The script eventually landed on the desk of David Chase, who would hire Weiner to work on episodes in The Sopranos final seasons. HBO would have picked up Weiner’s ad agency series if Chase came onboard as executive producer, but he declined and ultimately America’s most prestigious cable network let the decade’s biggest small-screen success story slip through their fingers.

Then HBO CEO Richard Plepler would later admit that failing to pick up Mad Men was his equivalent of failing to sign The Beatles, calling it “inexcusable”.

AMC takes a punt

Weiner continued shopping the show around the networks to no avail, until eventually he pitched to AMC, an unassuming basic cable network that still bore the initials of its original function: the American Movie Channel would mostly show, well, American movies, and most of them made pre-1950 at that.


In order to compete with other cable networks and an increasingly diverse and fragmented marketplace, AMC was expanding to include original programming – and they wanted Mad Men to be their first original series. It’s fair to say they rolled the dice, but the risky acquisition of Mad Men would transform the network’s fortunes completely, and contribute to the decentralisation of American television.

The Don

Mad Men had a home, Weiner had a show, and the show had its star – a commanding actor by the name of Jon Hamm, whose quiet but considerable presence had been wasted on bit-parts in the likes of Charmed and Gilmore Girls.

His first ever role, in an episode of Ally McBeal, was billed as ‘Gorgeous Guy at Bar’ – if nothing else, Hamm lived up to that early promise.

Jon Hamm was, and always will be, Don Draper. (Lionsgate/AMC/Sky)
Jon Hamm was, and always will be, Don Draper. (Lionsgate/AMC/Sky)

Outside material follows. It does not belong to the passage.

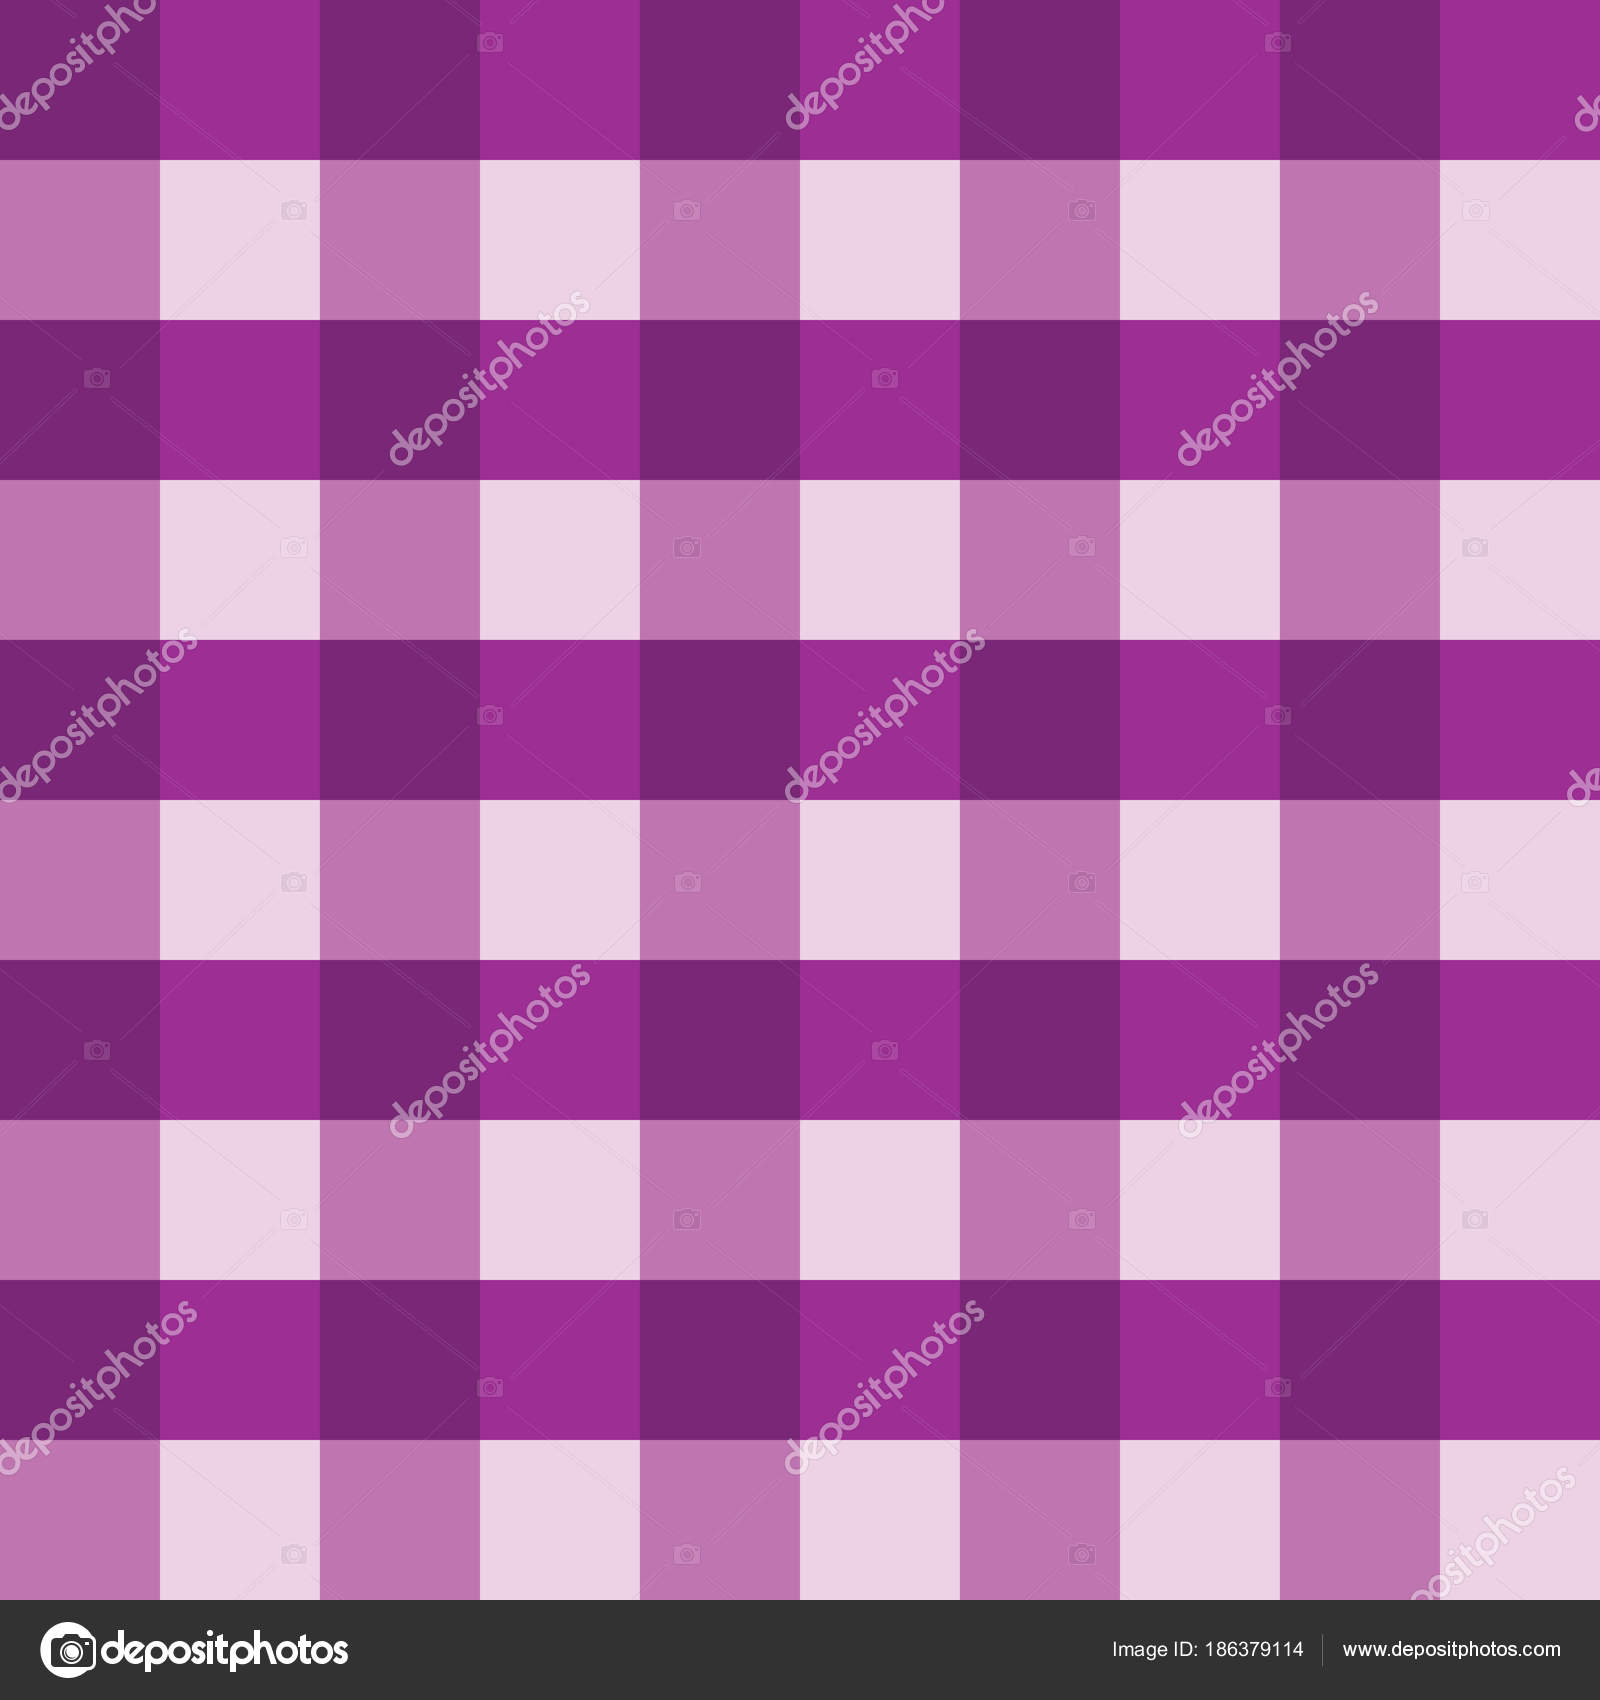 786f19b1841 Σχεδιασμός Πατρόν μοβ καρό απρόσκοπτη διάνυσμα φόντο. Υφή από ρόμβος ή  τετράγωνα για καρό, τραπεζομάντιλα, ρούχα, μπλούζες, φορέματα, χαρτί και  άλλα ...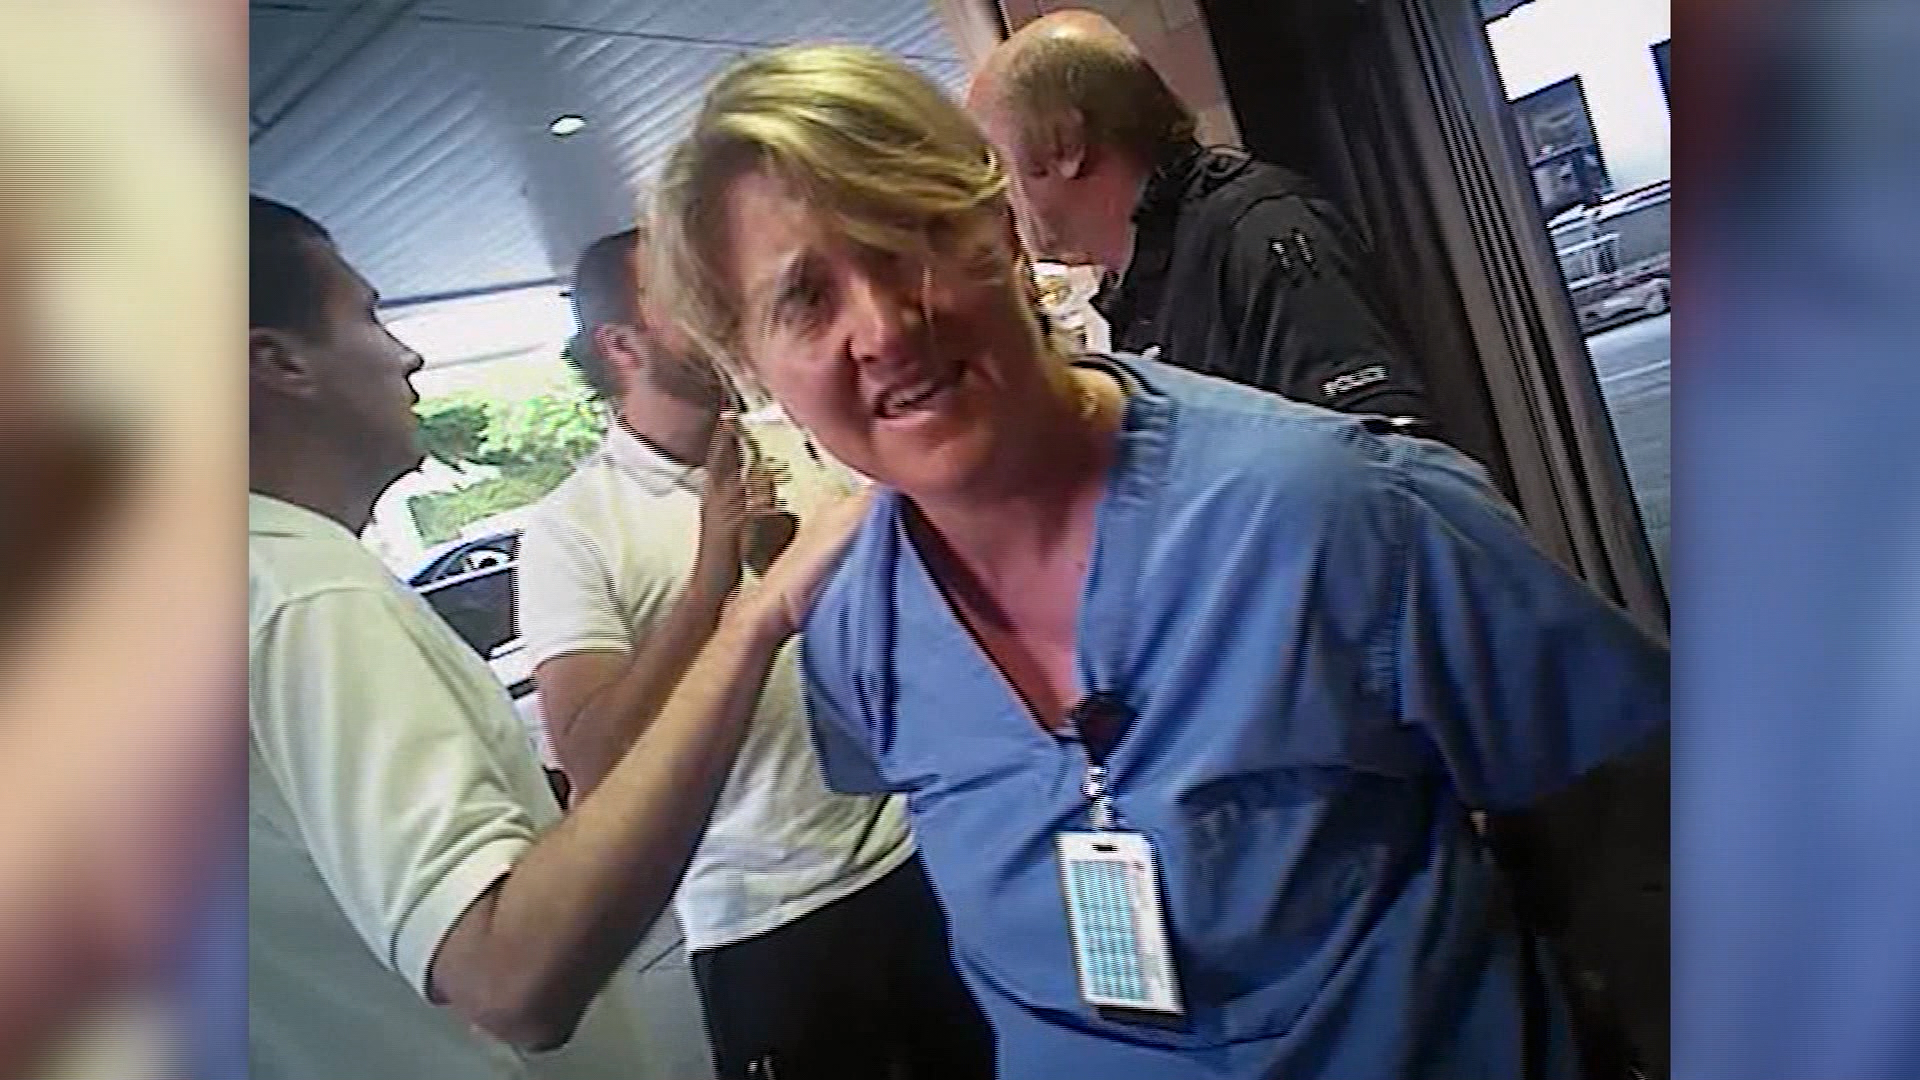 Body camera of Utah nurse arrest-159532.jpg49832792

Men wanted to be him, women wanted to be with him, tailors wanted to dress him: Hamm would redefine what it meant to be a man in the new millennium, even while portraying Don Draper as a womanising drunk. His performances are nothing short of mesmerising, and though the supporting cast are crucial to the show’s lasting success, Jon Hamm is Don Draper is Mad Men. You have to think that Thomas Jane, the first choice for the role, couldn’t have gone on quite the same journey.

Meteoric rise

Mad Men aired on July 19th, 2007, and was an instant hit with the critical community, who adored its period detail, its jet black wit and its dramatic rigour. It would go on to be named the Best TV Show Of The Year by The New York Times, Time Magazine and TV Guide; Rolling Stone would later call it “the greatest TV drama of all time”.

Christina Hendricks shot to fame as the ballsy Jean Holloway in ‘Mad Men’ (Lionsgate/AMC/Sky)
Christina Hendricks shot to fame as the ballsy Jean Holloway in ‘Mad Men’ (Lionsgate/AMC/Sky)

Though it never pulled Two And A Half Men audience numbers, it wasn’t that kind of show; it was TV for adults, featuring complex stories about complicated people that didn’t appeal to the primetime crowd. Mad Men was slow paced – glacial at times – but it was the antithesis to big-budget primetime TV: reserved, considered and unshowy.

Cultural shift

The show evolved, from satirising the era in which it was set, to just plain living in it. Soon, viewers would flock to buy the exact brand of Don Draper’s summer holiday sunglasses; the Old Fashioned cocktail enjoyed a resurgence; even President Obama was a fan – he wrote a complimentary letter to Matthew Weiner expressing his love for the show, and even dropped a reference into his State of the Union address (“It is time to do away with workplace policies that belong in a Mad Men episode”).

Draper and his colleagues at Sterling-Cooper would agonise over finding that elusive je ne sais quoi that made a product appealing – whatever it was, Mad Men had it, and then some.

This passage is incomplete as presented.